First, if you look at businesses it isn’t clear that profitability is aligned with the values of a society, to the extent we can ascribe values to a society.  For instance gaming and pornography are or have been lucrative businesses.  The social stigma attached to both probably helps their profitability in that it keeps out competition. 

In investment services it isn’t clear that the benefit of making the markets more efficient by closing small price discrepancies is worth the enormous profits and divergence of skilled manpower that has gone into this field.  Moreover, the people who could most critically benefit from having a skilled financial advisor can’t afford it, whereas those who already have a great deal of money have access to the best advice thereby accentuating differences in wealth.

For individuals the statement is even more dubious.  Consider sports where statistics provide at least something approaching objective measures of performance. Prof. Miron will have a tough time convincing White Sox fans that capitalism is in tune with performance when Adam Dunn in the first year of a four year contract that will pay him $56 million is on pace to have the lowest batting average of anyone who ever had enough at bats to qualify for the batting title (he’s hitting .163 with 157 strikeouts out of 368 at bats). 
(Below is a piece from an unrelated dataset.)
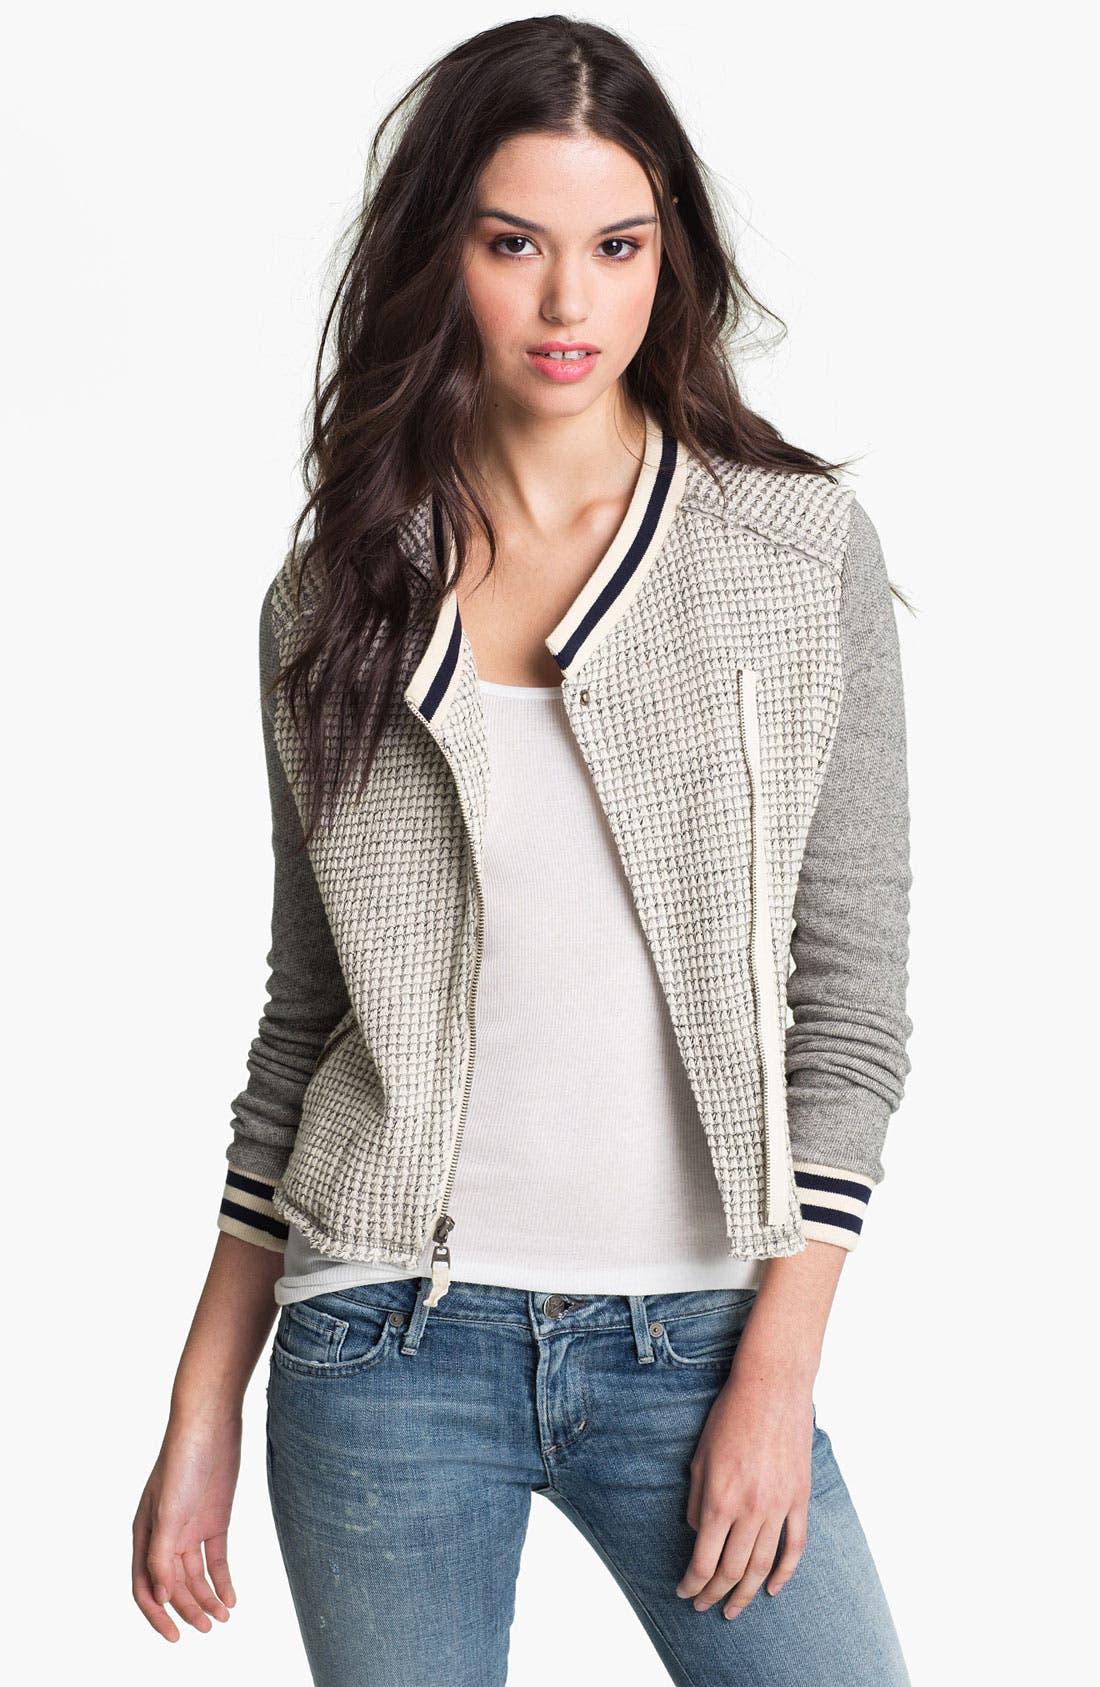 Alternate Image 1 Selected - Splendid 'Rydell' Thermal Varsity Jacket
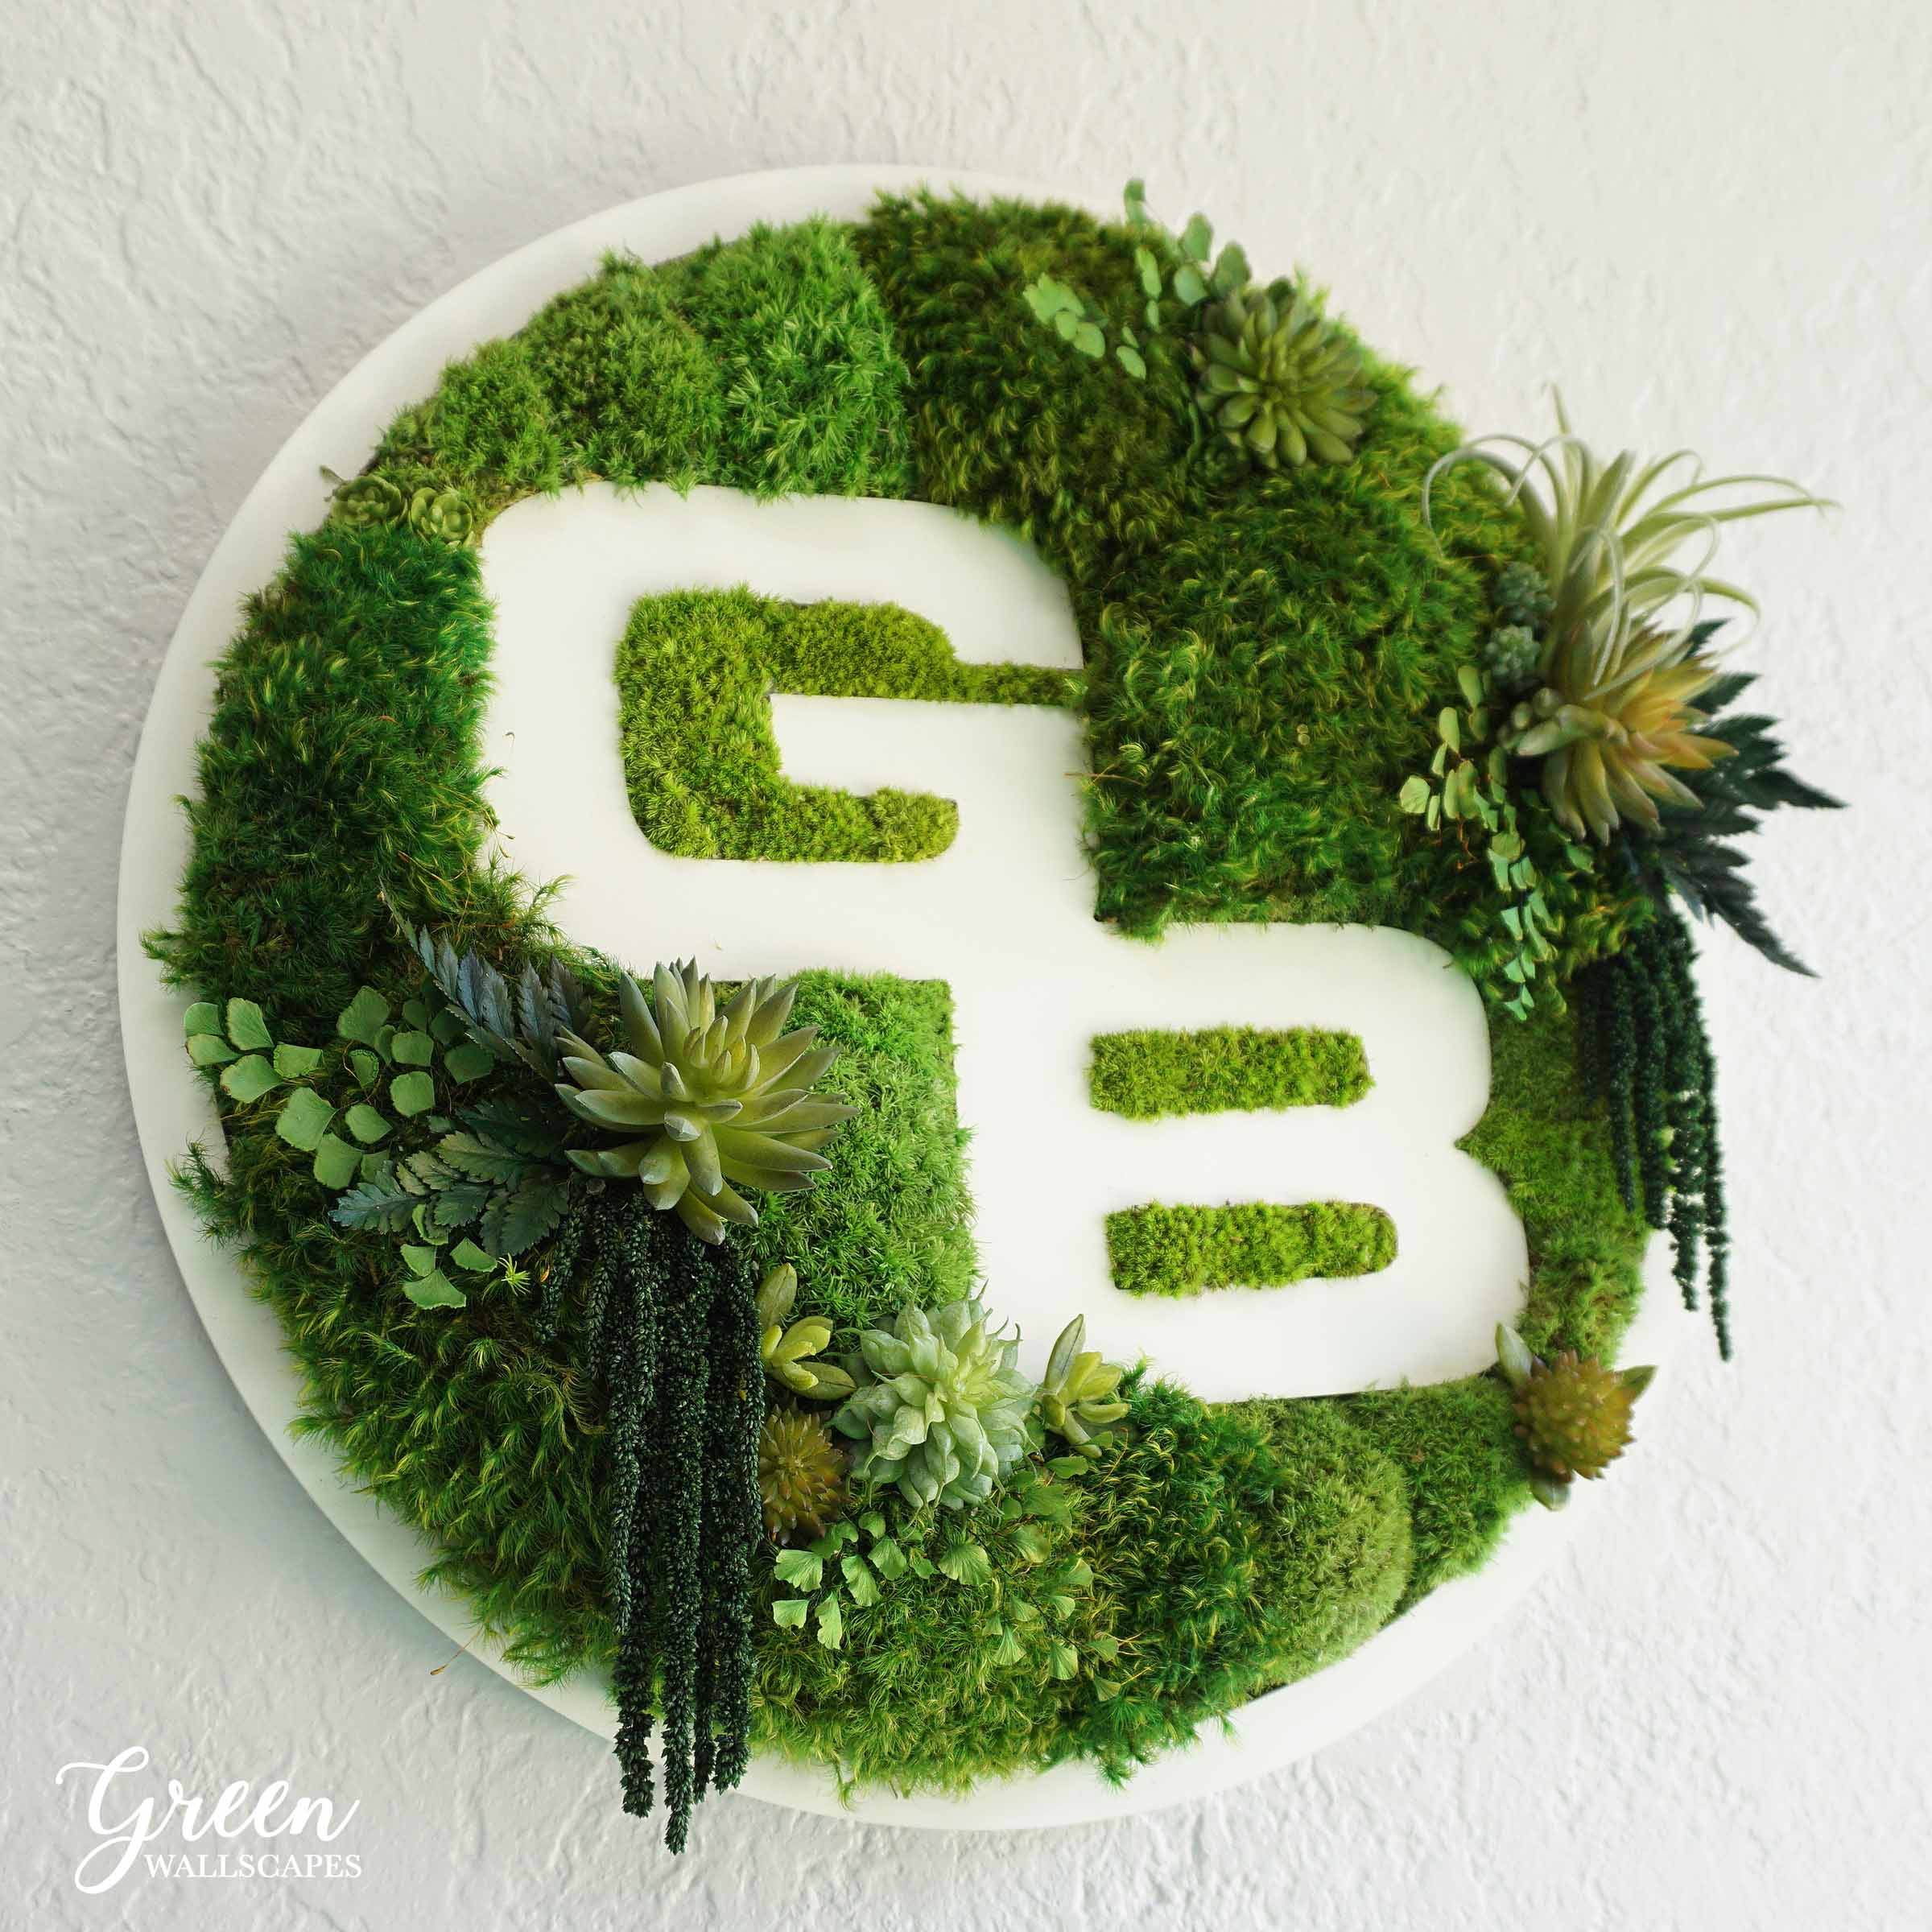 gb_circle_-_moss_and_succulent_logo.jpg

In truth, as only who works outside of academia will notice, there is considerable luck involved in how much money you make.  How the company performs, how your area is perceived within the firm, how well your boss does and how well he or she supports you are at least as important as hard work and talent.  You can be an exceptional employee and if you are on the wrong side of an acquisition you’re likely to find yourself out of a job.

I would assume Mr. Miron would accept most of these objections, so what is he saying?  I believe his point should be understood by thinking of a normal distribution or the bell curve, that is with the bulk of the population in the middle and smaller numbers at the extremes.  Capitalism distributes income in something like a normal distribution when you look at businesses and individuals.  The majority will earn about what they are worth, with lesser numbers being either lucky or unlucky all the way to the extremes.  Attempts to equalize income aren't fair since they deny these differences.

But it is important not to oversell capitalism as I believe Prof. Miron does in this clip.  The “cure” for whatever unfairness exists in the distribution of income may well be worse than the disease.  And it should be kept in mind that the benefits of capitalism are largely derivative, that the chief argument for capitalism is that it is the only system consistent with a truly free people.  If Krushchev’s boast that communism would bury the West economically had come to pass it wouldn’t make it a better political system than ours.  What needs to be made more consistently is not an economic argument for capitalism but an argument for it that doesn’t rely on its material benefits.  And one that recognizes that life is indeed unfair.